> Assignment
This exercise calls for an exact copy of the listing, with no pictures kept.

> Material provided
Segment Open
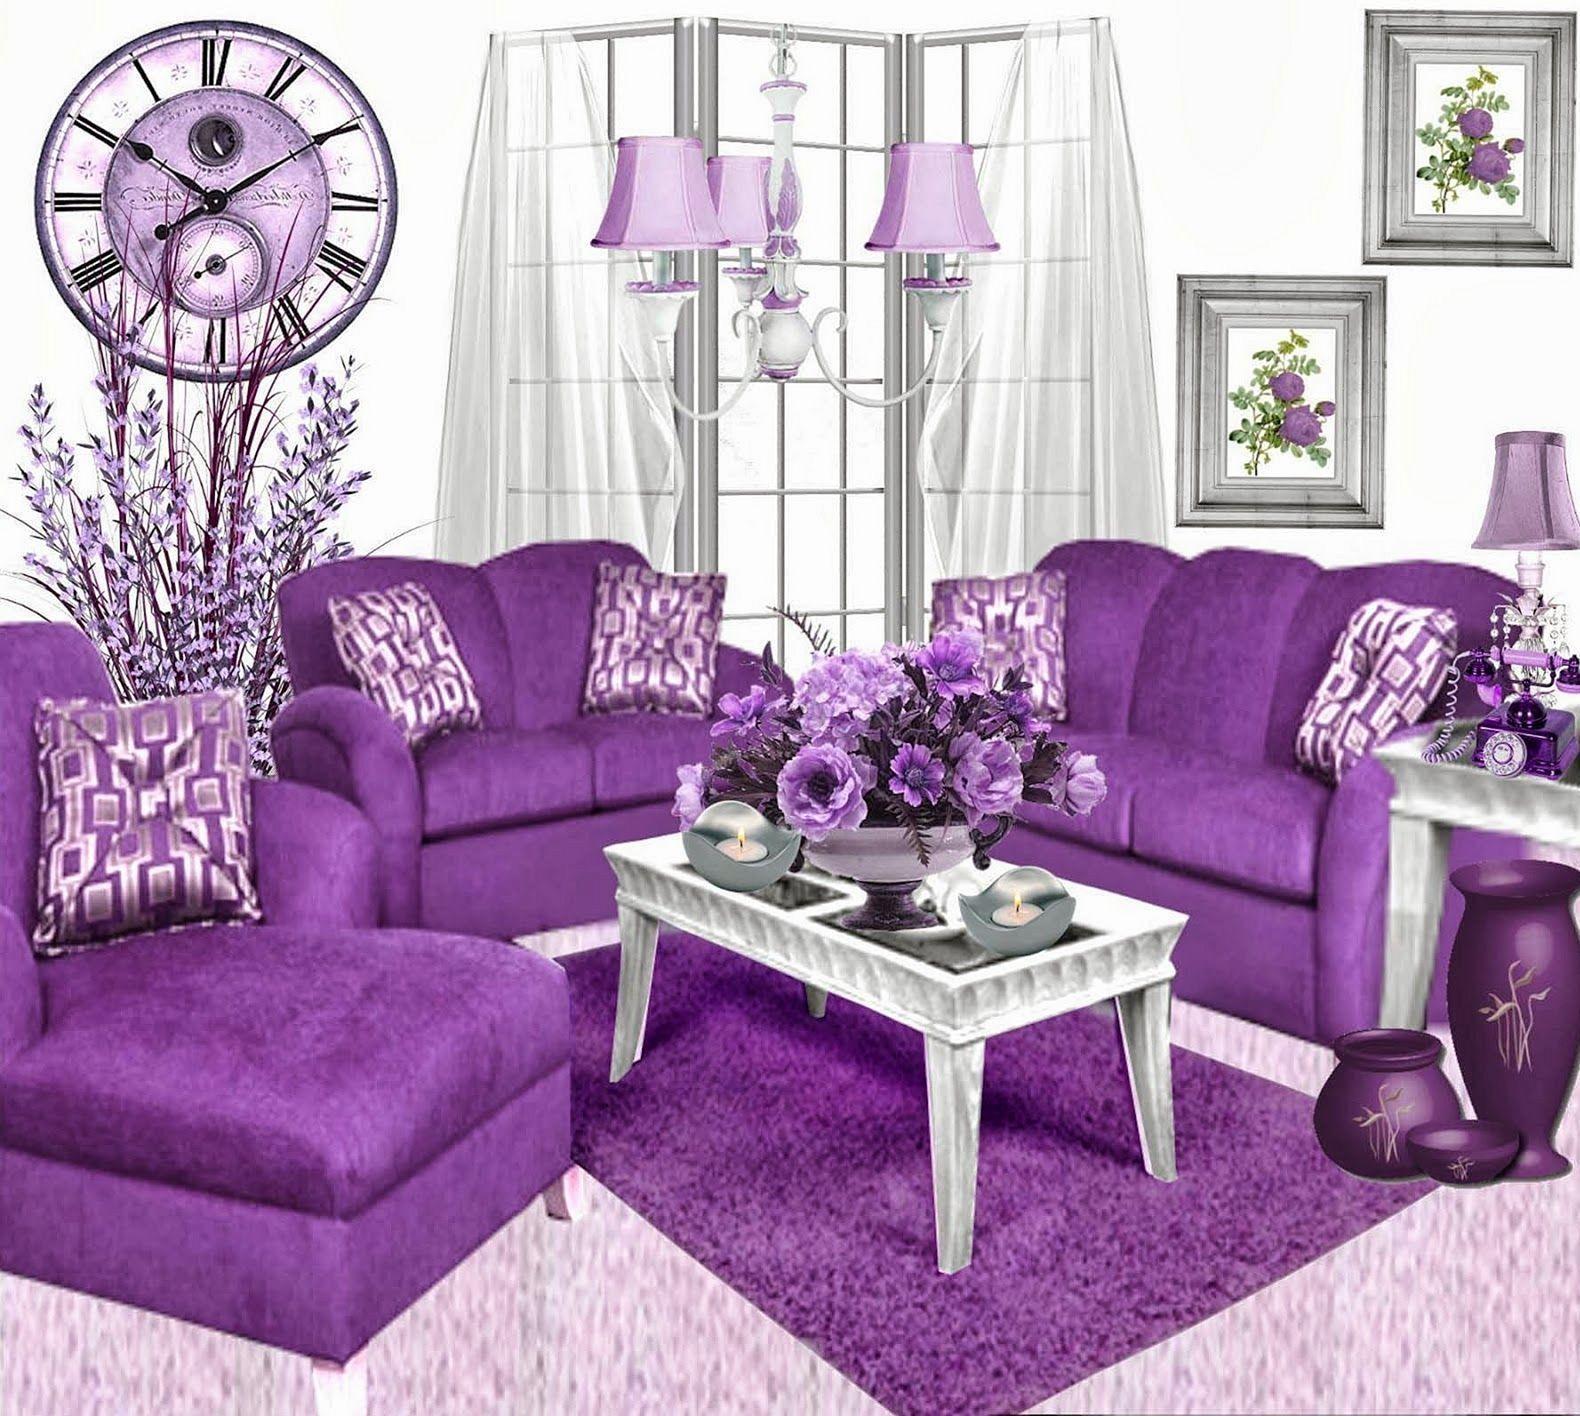 Epic 25 Amazing Purple Furniture Ideas For A Mysterious Room Https Freshouz Com 25 Amazing Purple Furniture I Purple Living Room Purple Furniture Purple Home
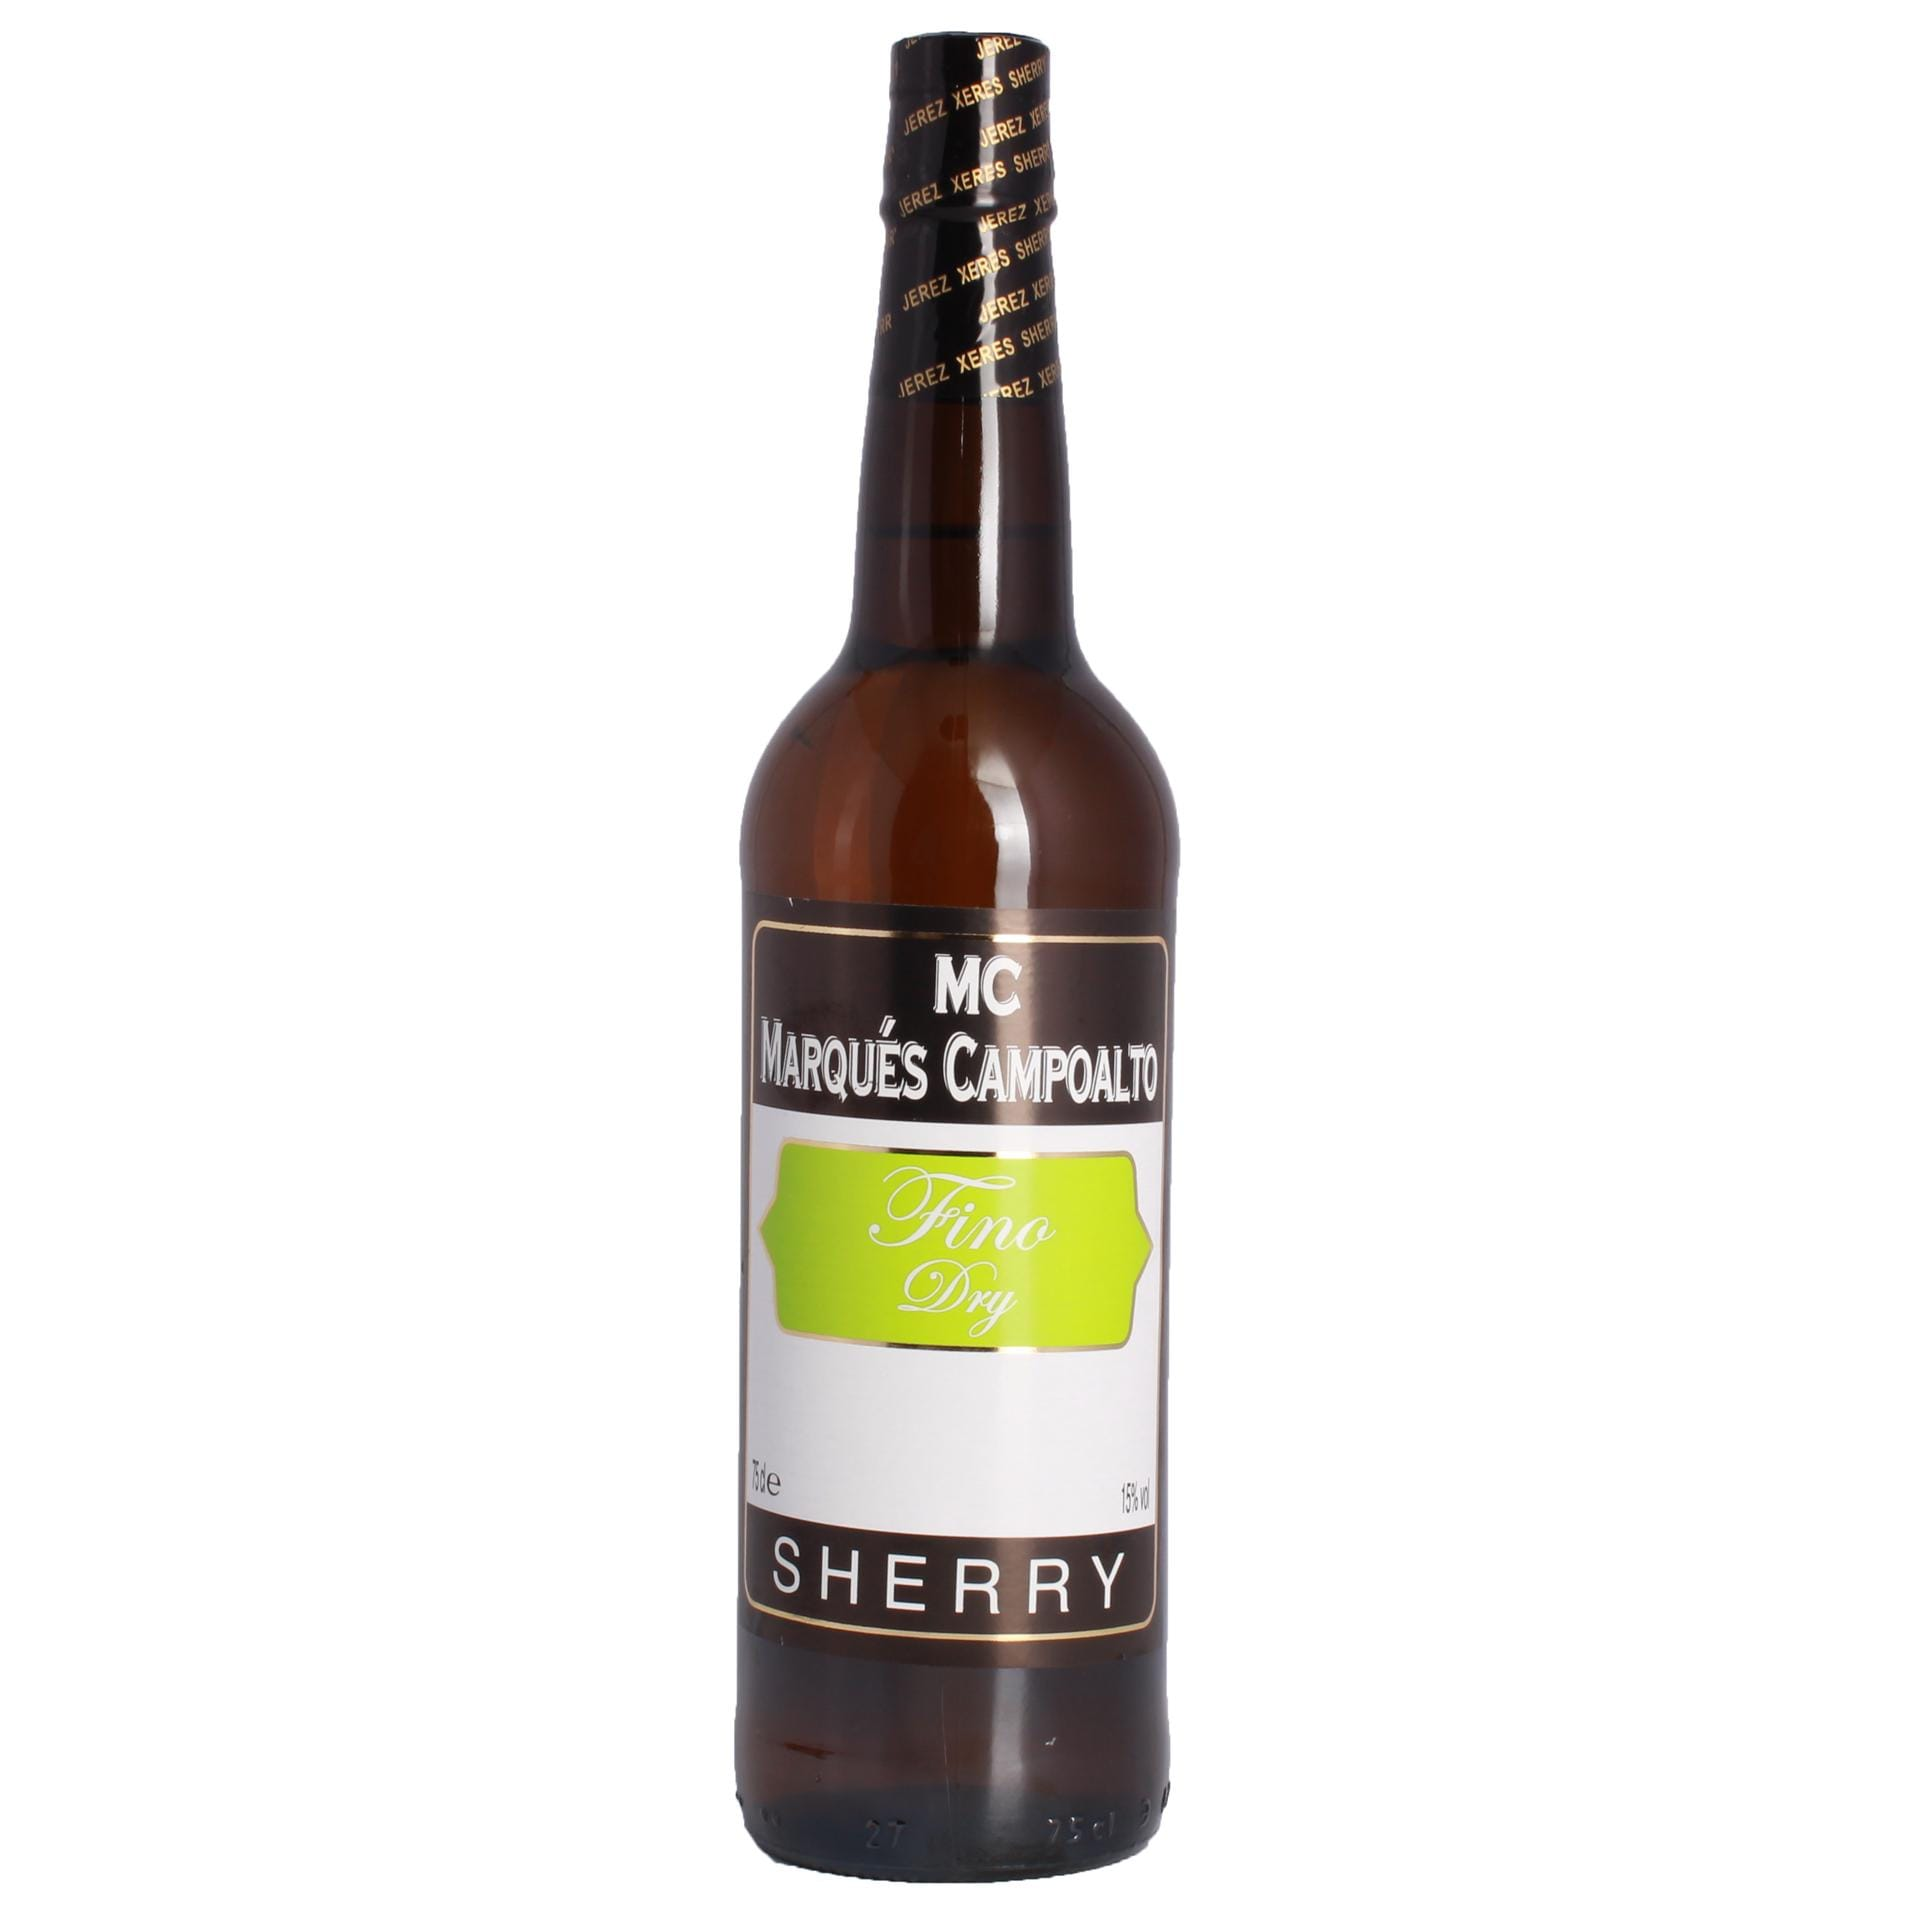 Marqués Campoalto Sherry Fino Dry 15% 0,75l
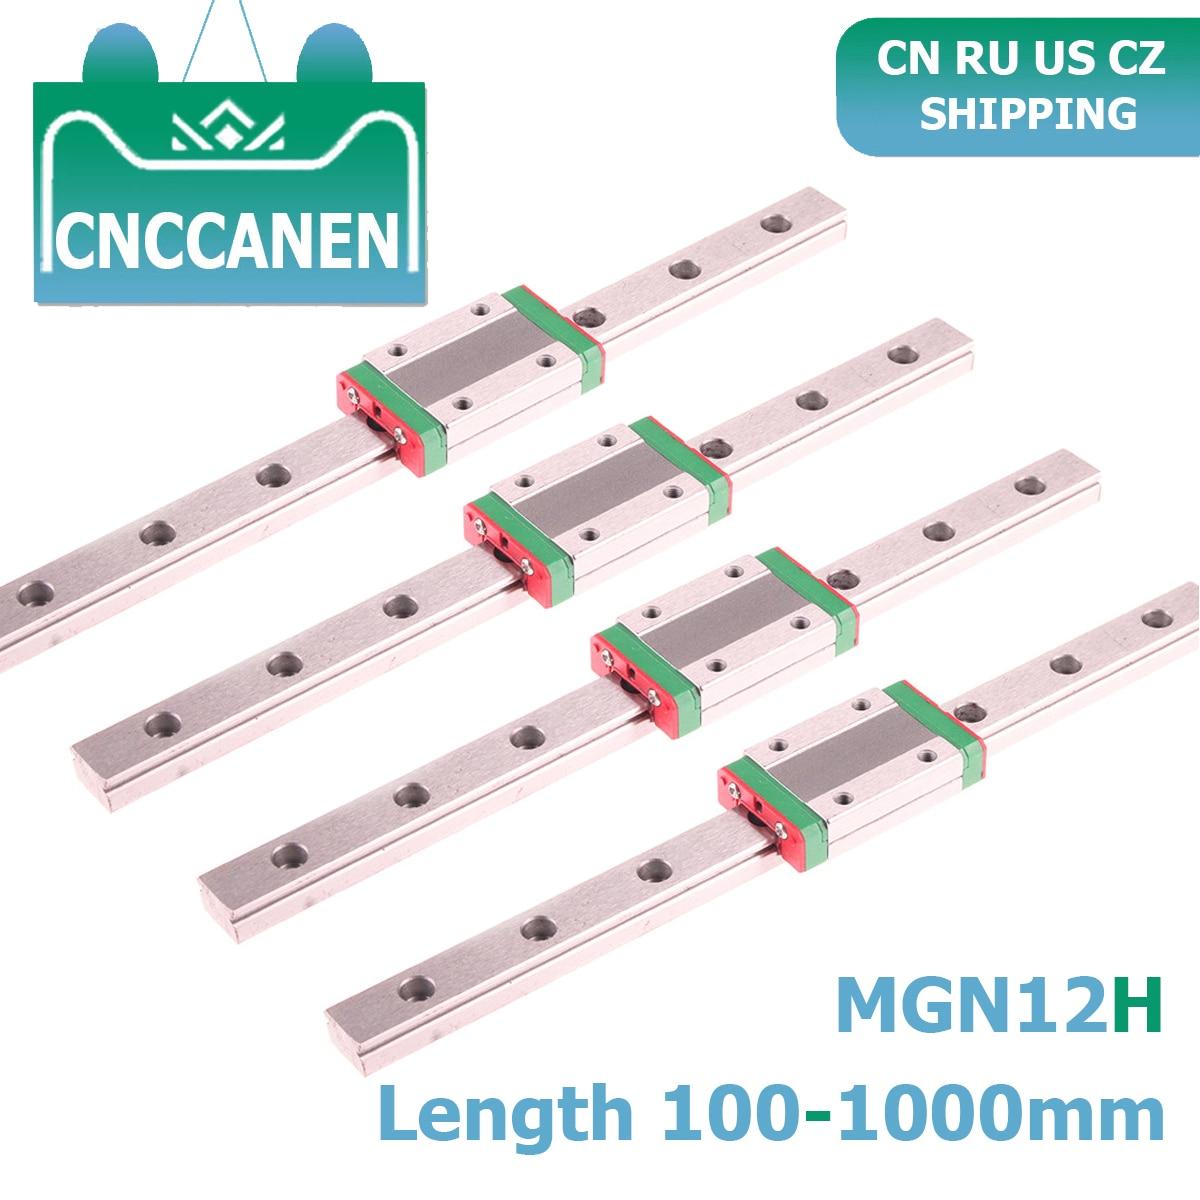 Peças cnc mgn12 100 350 450 500 800 1000mm diminuto trilho linear slide 4 peças guia linear mgn + 4 peças mgn12h transporte impressora 3d
Segment Closed
> Exercise answer
 Epic 25 Amazing Purple Furniture Ideas For A Mysterious Room Https Freshouz Com 25 Amazing Purple Furniture I Purple Living Room Purple Furniture Purple Home
 Marqués Campoalto Sherry Fino Dry 15% 0,75l
 Peças cnc mgn12 100 350 450 500 800 1000mm diminuto trilho linear slide 4 peças guia linear mgn + 4 peças mgn12h transporte impressora 3d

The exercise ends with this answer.